Below is a histogram of word frequencies for all words in the sample that shows this pile-up.
summary(word_freq$freq)
## Min. 1st Qu. Median Mean 3rd Qu. Max.
## 1.00 1.00 1.00 41.82 5.00 239600.00
describe(word_freq$freq)
## vars n mean sd median trimmed mad min max range skew
## X1 1 120299 41.82 1174.49 1 3.39 0 1 239607 239606 118.94
## kurtosis se
## X1 18876.18 3.39
g <- ggplot(word_freq, aes(pct))
g <- g + geom_histogram(bins=20, fill="blue", na.rm=TRUE)
g <- g + xlim(NA,0.0009)
g
Interestingly, this “piled-up” distribution of words in a corpus of text is common and is predicted by Zipf’s Law. This law says that the frequency of any word in a corpus of words is inversely proportional to its rank. So, the most frequent word occurs about twice as often as the next most frequent word, three times as often as the third most frequent word, and so forth. A plot of term frequncy vs rank in our sample demonstrates this.
g <- ggplot(word_freq, aes(x=rank, y=pct))
g <- g + geom_line(size = 1.5, color="darkseagreen")
g <- g + scale_x_log10() + scale_y_log10()
g <- g + xlab("log10 Rank") + ylab("log10 Word Frequency")
g
As I move forward, I will complete a similar analysis for n-grams in the data set to see if they follow a similar pattern. As above, the unnest_tokens function in tidytext has this capability, so the analysis is similar to the above and omitted for brevity.

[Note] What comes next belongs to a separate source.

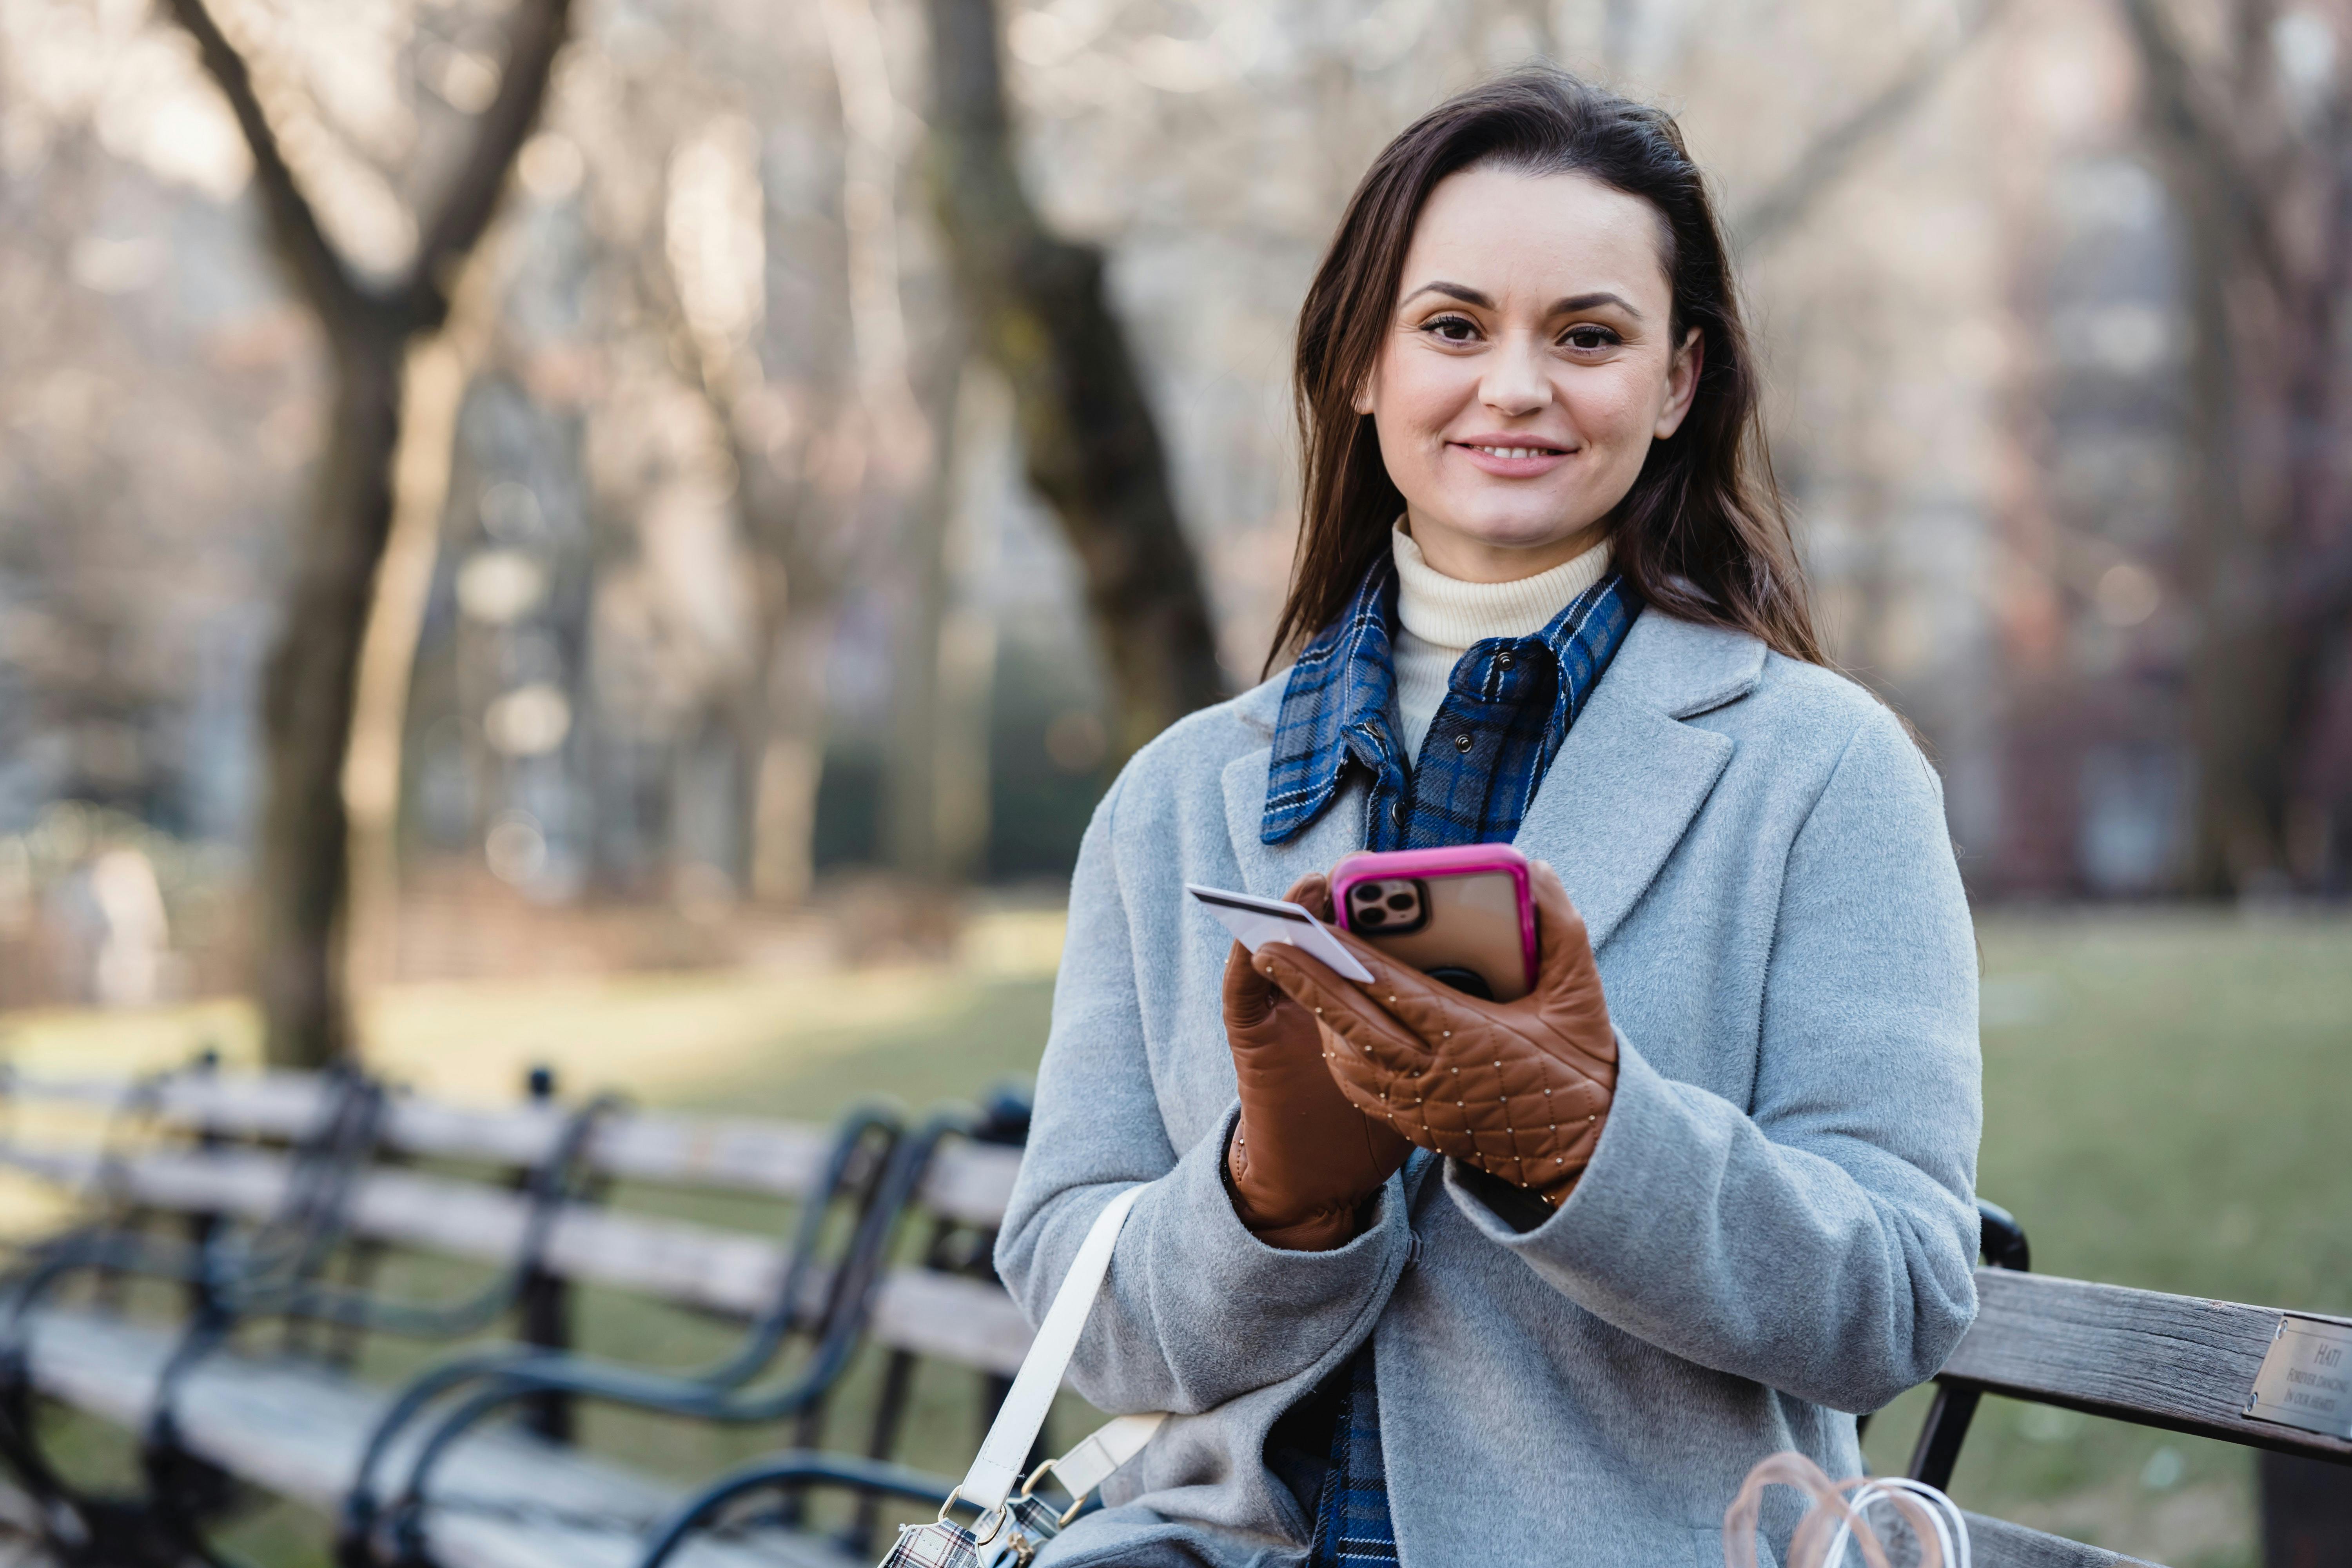 Woman in park with phone and credit card in hand

My plan for moving forward is to determine the smallest set of words and n-grams needed to cover a given percentage of the language by calculating a cumulative distribution function for word and n-gram frequency. This will allow me to remove many low-frequency words from the data and focus on specific words and phrases that occur most frequently. Then, I want an efficient way to calculate the probabity a number of possible next words, across the remaining set of common words.
There are several models that can be used to effectively model the data. There has been a suggestion that Markhov chains may provide an efficient way to store and use the data, and this is my default plan, however, I want to do some additional reading to see what new techniques may be available
As a creative direction, I want the product to be intuitive and easy to use, responsive to input from the user, and interesting. I would like to keep some statistics as it gets used to try and improve the model for a specific user.
I will use Slidify to complete the data product.
I have a few ideas for a product pitch, these remain in development, for now.